Verra Mobility reported revenues of $257.9 million, up 16.4% year on year. This result beat analysts’ expectations by 6.7%. However, it was a slower quarter as it logged a significant miss of analysts’ adjusted operating income estimates and a significant miss of analysts’ EPS estimates.
Verra Mobility delivered the biggest analyst estimates beat among its peers. The stock is down 9.3% since reporting and currently trades at $16.97.

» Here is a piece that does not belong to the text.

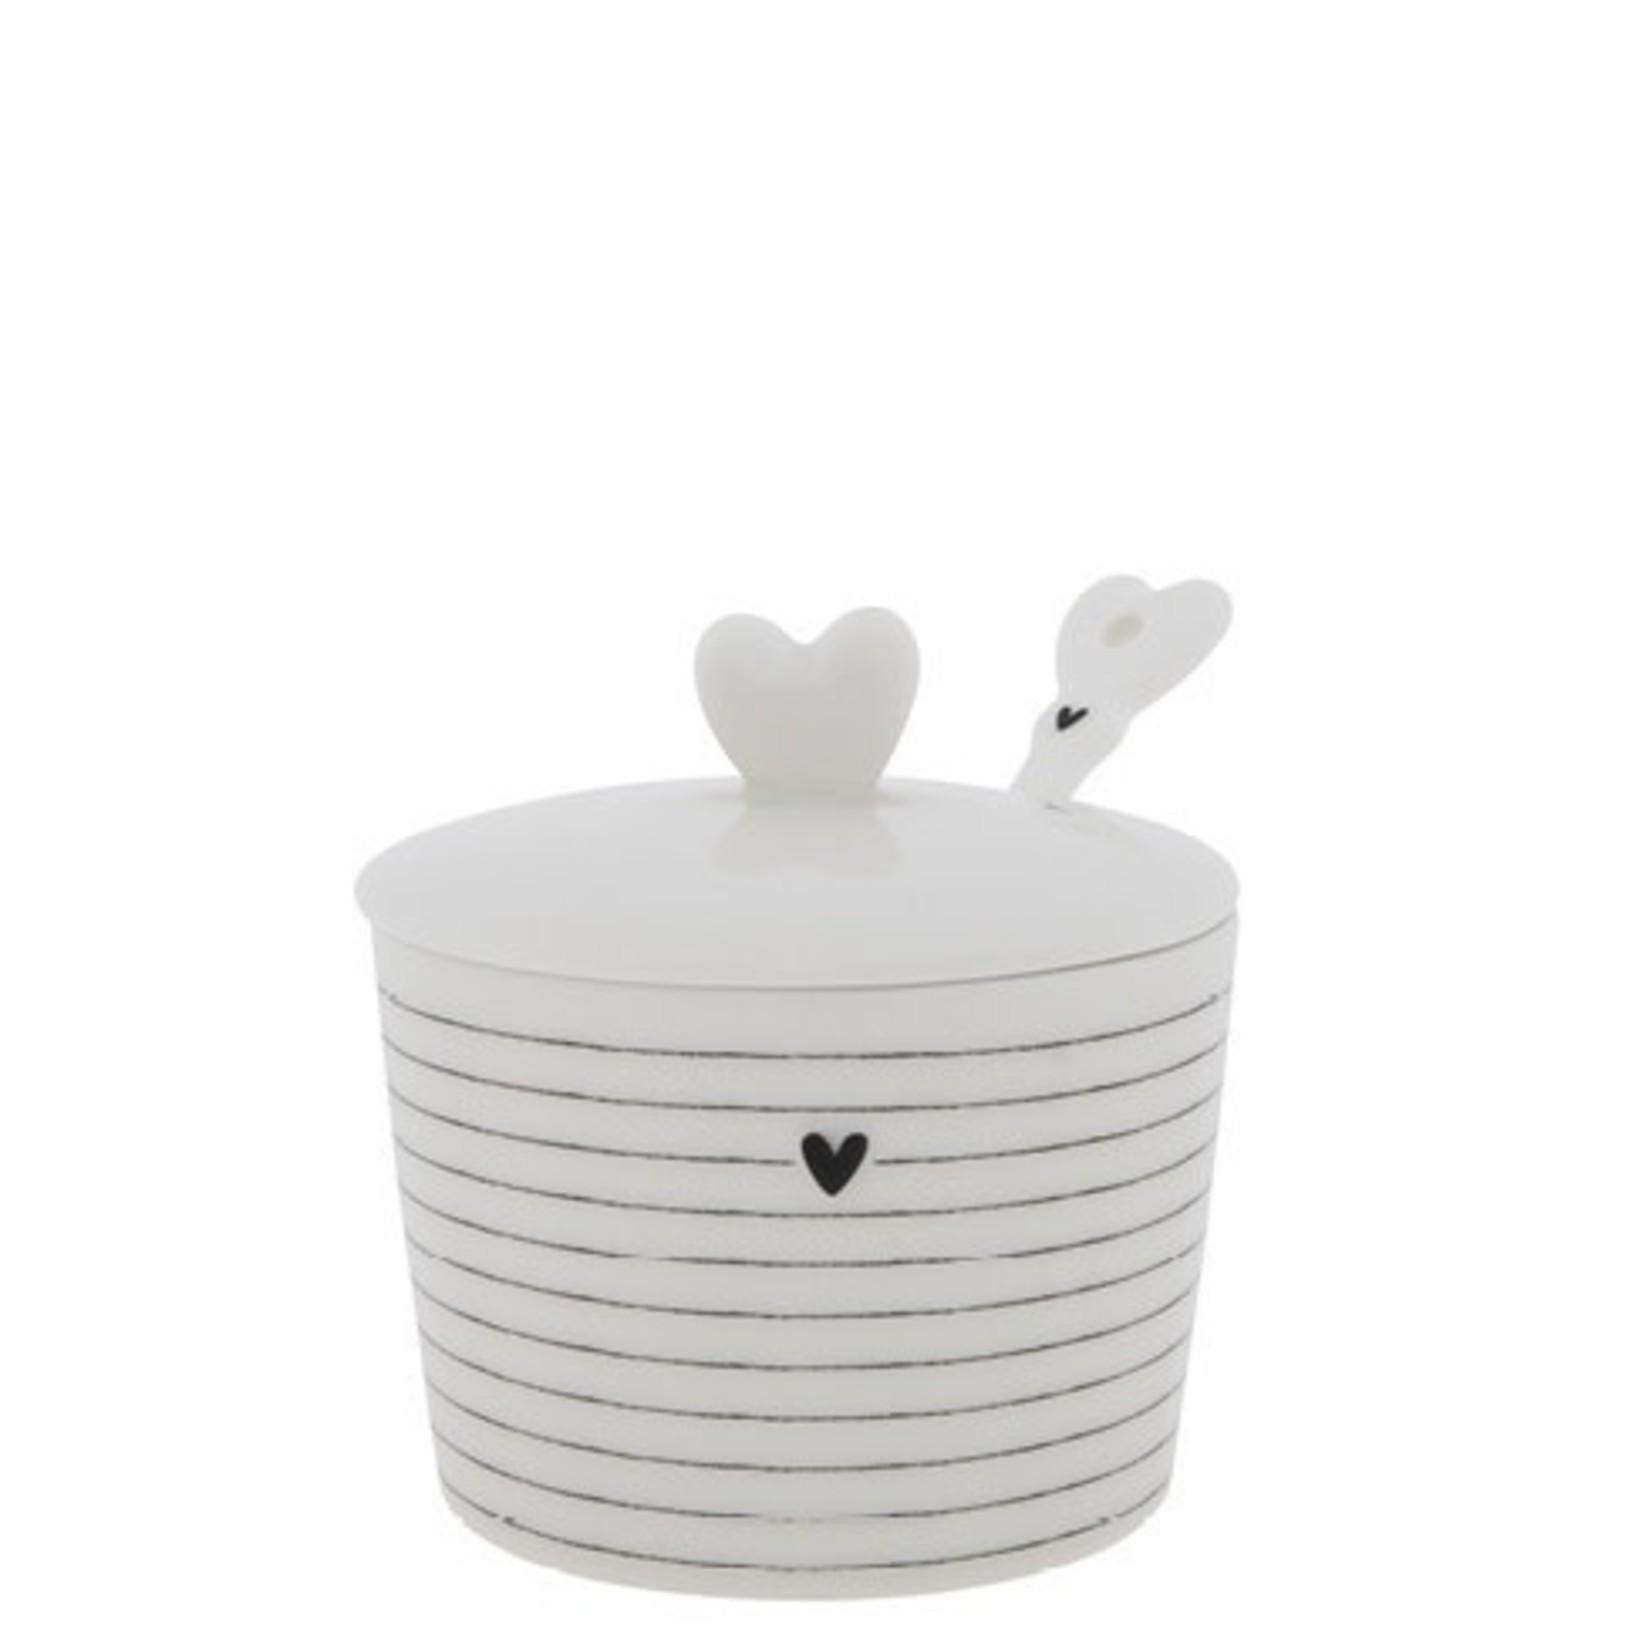 Bastion Collections Sugar Bowl stripes/heart white/black7x8.5x7 cm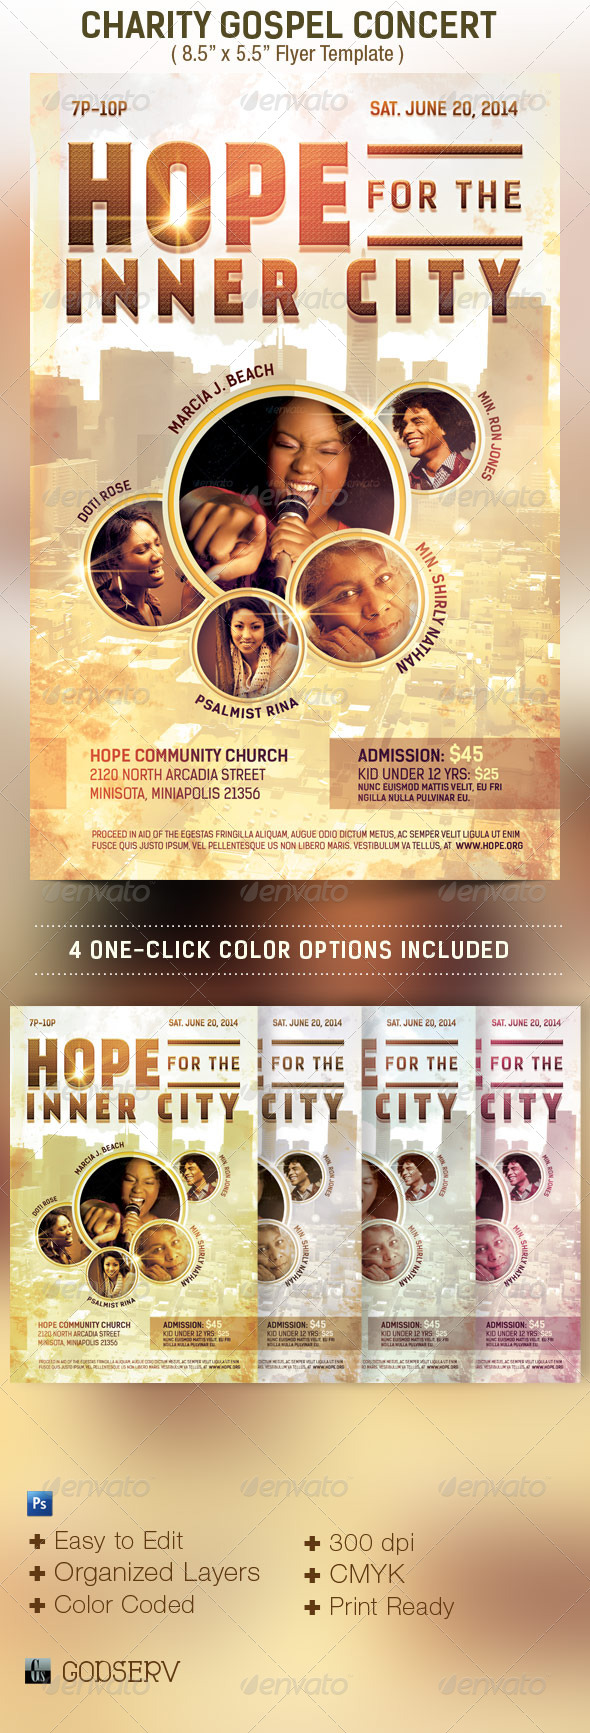 Gospel Concert Flyer Template Free Psd

Read our full, actionable report on Verra Mobility here, it’s free.
GE Vernova (NYSE: GEV)
Born from the energy business of industrial giant General Electric in a 2023 spin-off, GE Vernova (NYSE: GEV) designs, manufactures, and services power generation equipment and grid technologies to help customers build more reliable and sustainable electric systems.
GE Vernova reported revenues of $10.96 billion, up 3.8% year on year. This print topped analysts’ expectations by 6.5%. It was a strong quarter as it also produced a beat of analysts’ EPS estimates and an impressive beat of analysts’ revenue estimates.
The stock is up 26% since reporting and currently trades at $873.
Read our full, actionable report on GE Vernova here, it’s free.